Frequently Asked Questions

Can I Straighten My Hair Before Dying?

Yes, but it’s better to dye the hair when it’s free of products, except for shampoo. Straightening requires you to use the serum to protect your hair, which could cause the dye to not penetrate properly into the hair. But if you still want both services, don’t do them on the same day or week. Instead, you should always wait for 15 days between straightening and coloring. The chemicals in the hair dye will dampen the effects of hair-straightening ingredients.

Can I Have My Hair Straightened and Colored at the Same Time?

Yes, you can. But you will have to do one action at a time or another at another. This means either straightening your hair before dyeing it or vice versa. Doing both, especially with less time between them, is the recipe for not having the results. If you choose to straighten your hair post-dyeing, you’ll have to follow the tips and tricks for the safest and result-oriented straightening session.

Can I Straighten Bleached Hair?

Yes, you can. But it all depends on the condition of the bleached hair. Hair that stretches and doesn’t spring back, or hair with a melting or sticky texture, isn’t something you shouted straighten. Straightening is possible with hair that is healthier than hair that stretches and shrinks back.

Can I Dye My Hair With Leave-in Conditioner In It?

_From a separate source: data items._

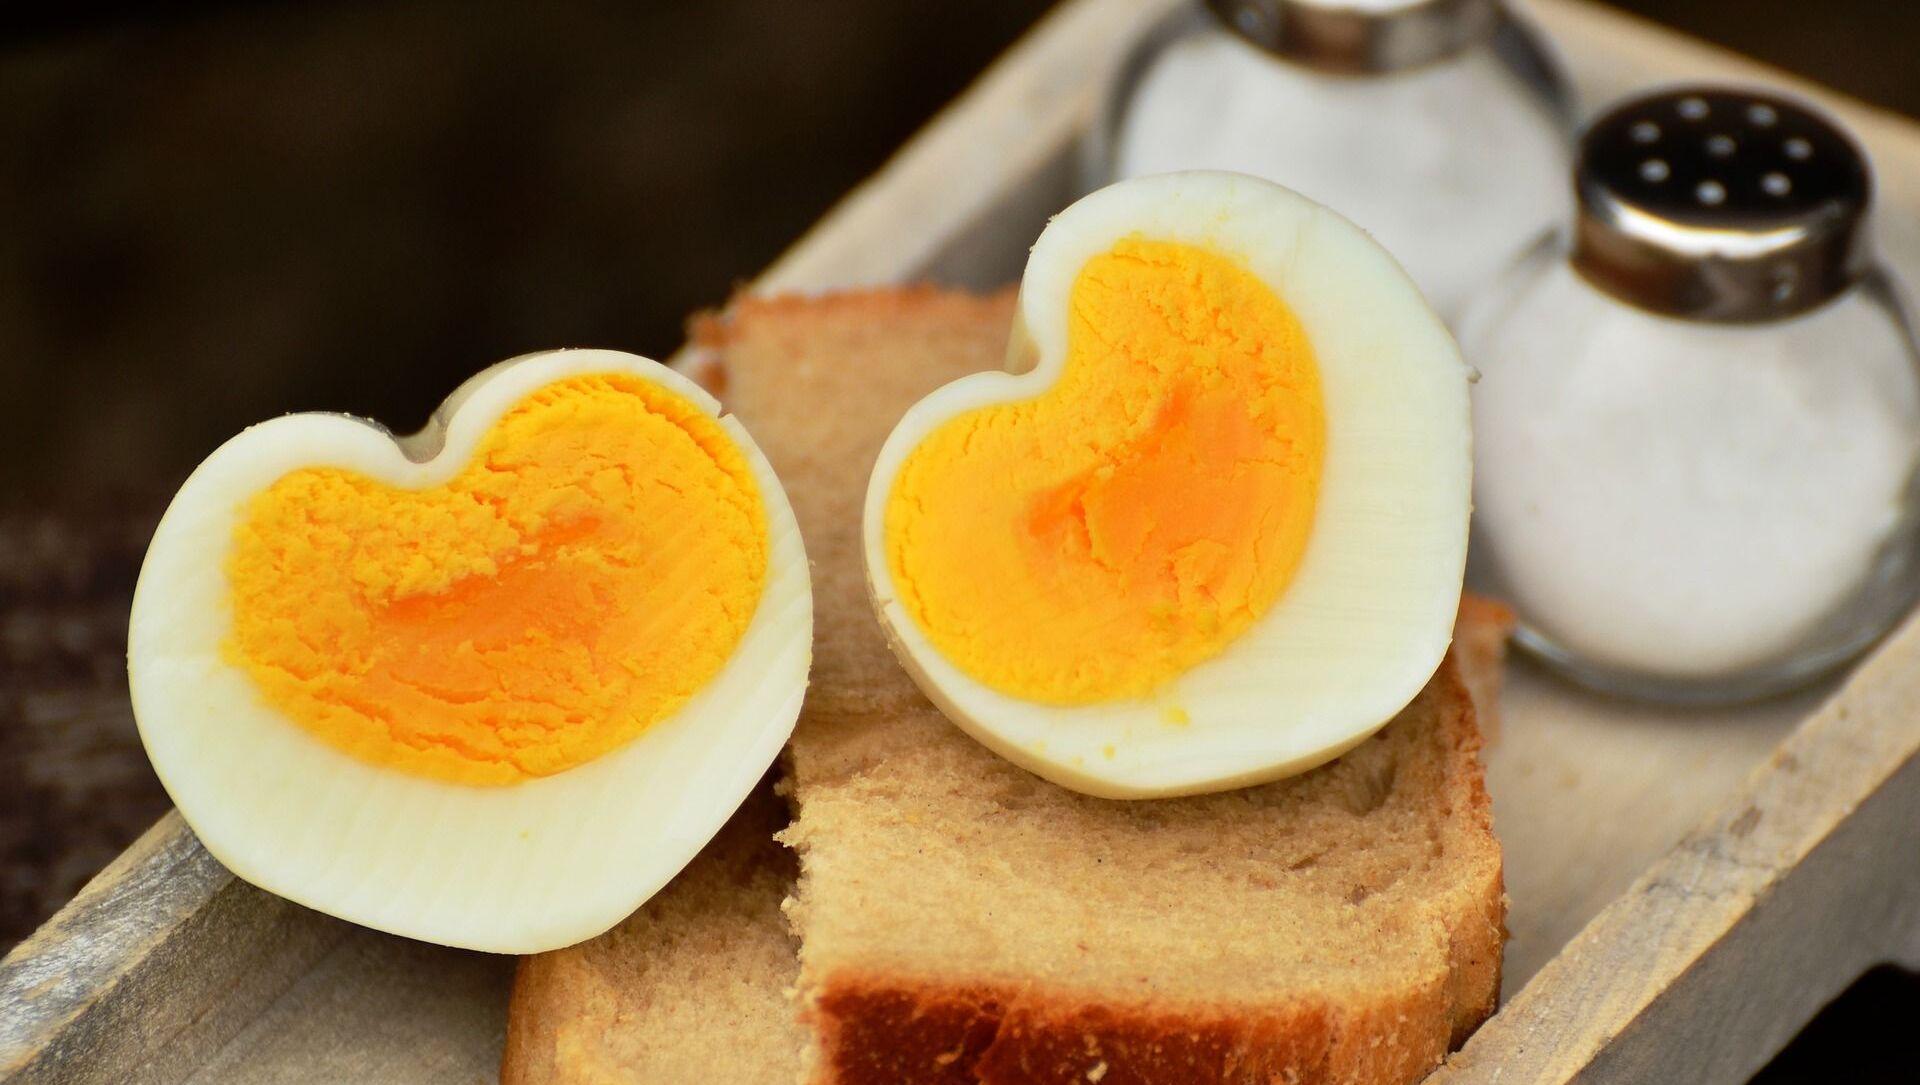 Вареное яйцо на хлебе - Sputnik Italia, 1920, 12.03.2021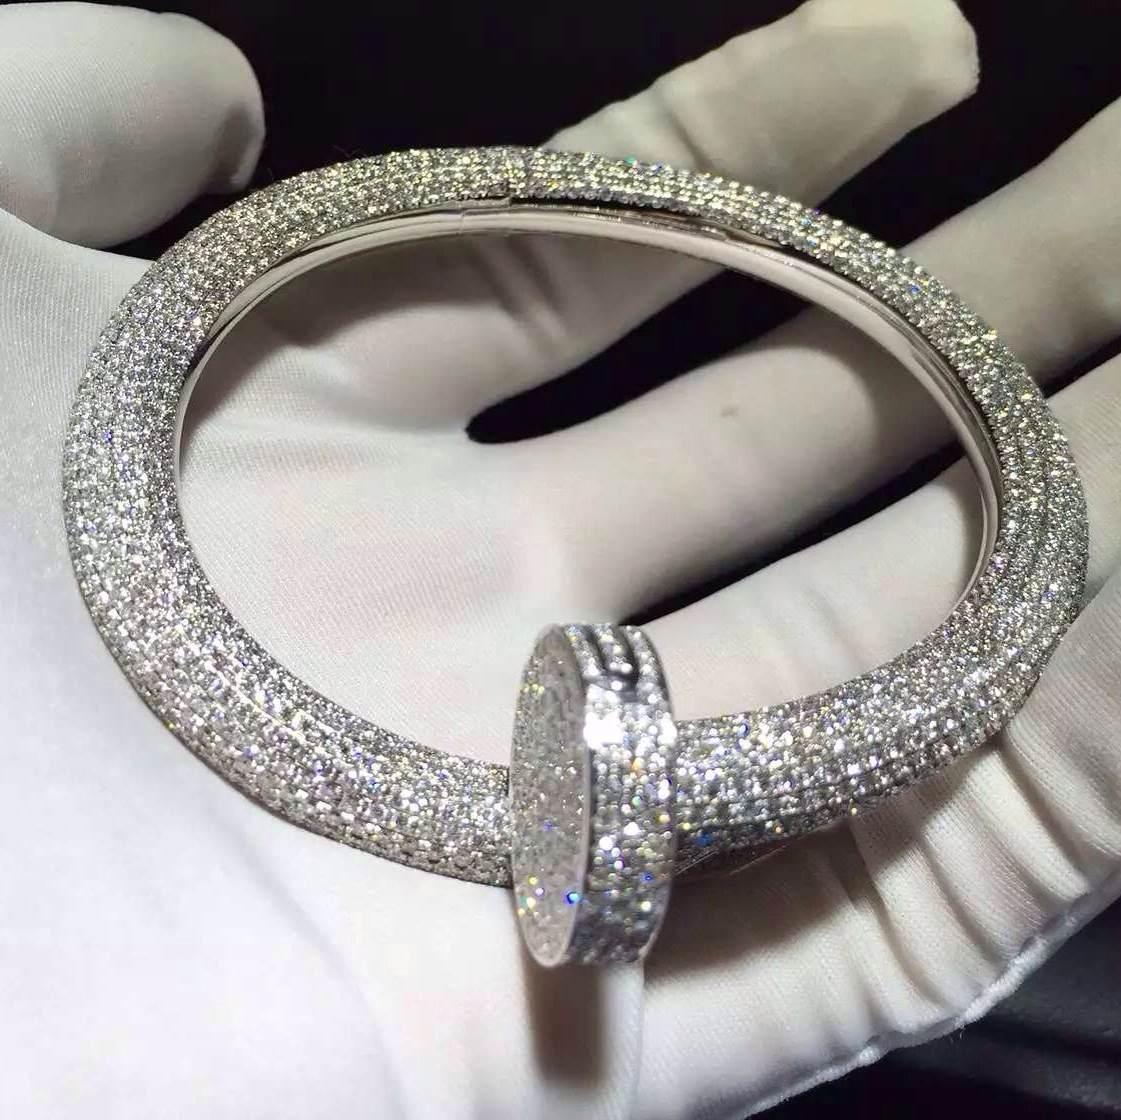 18K white gold Cartier Juste un Clou Nail Bracelet Paved 1752 Diamonds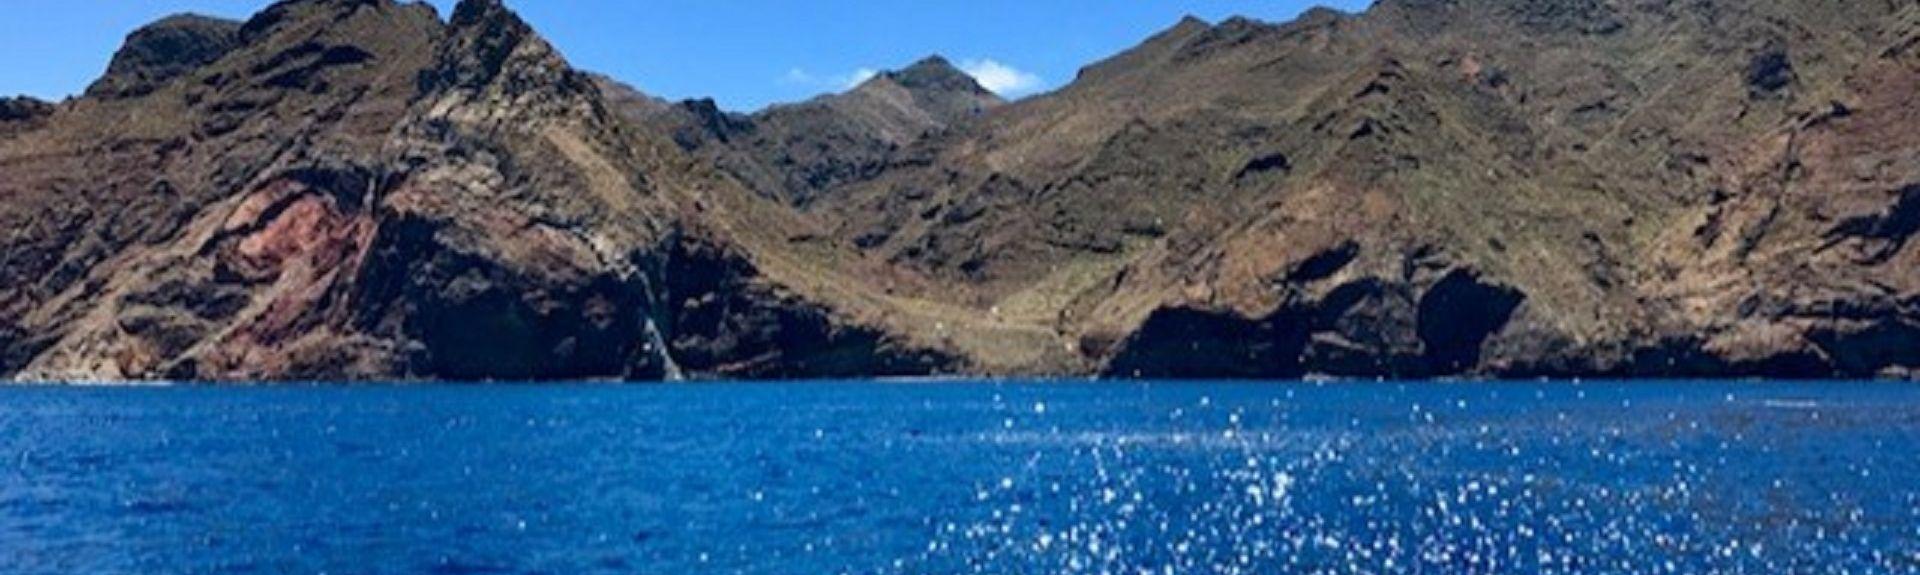 La Guancha, Santa Cruz de Tenerife, Spain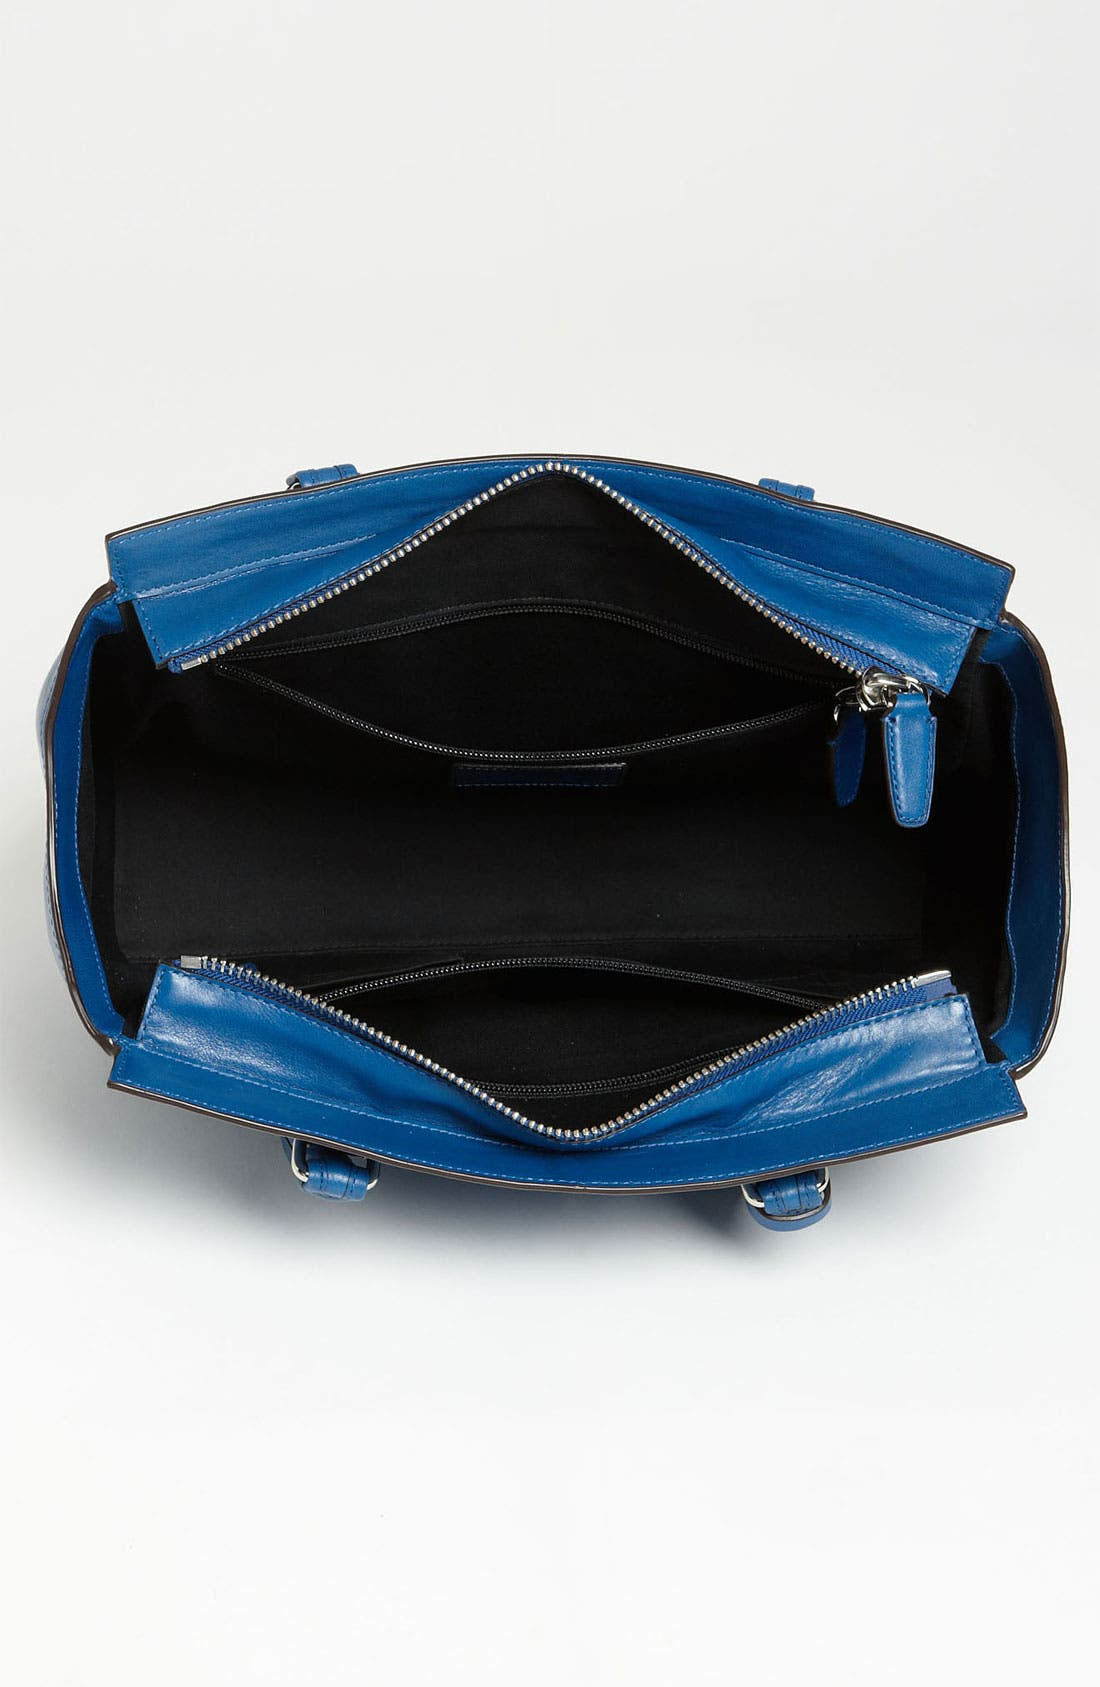 Alternate Image 3  - COACH 'Legacy - Medium' Leather Carryall

Products like leave-in conditioners contain chemicals that can react with the chemicals in the dye, which may affect the overall result of the final results. However, having some products like hair spray or natural oils in hair when dyeing is usually okay. Your stylist recommends washing it for 1-2 days before dyeing it.

Wrapping Up

If you ‘really’ want to achieve something, you ultimately find a way to do so, and vice versa. The same applies to straightening your hair when it’s dyed. Your job was just to find the way, and our job was to present that to you. Now, we can say nothing but wish you have your next dyed – and straightened – excellent hair day. Let’s say a resounding, “A mere straightening can never keep you from acquiring beautiful styles on your colored hair!”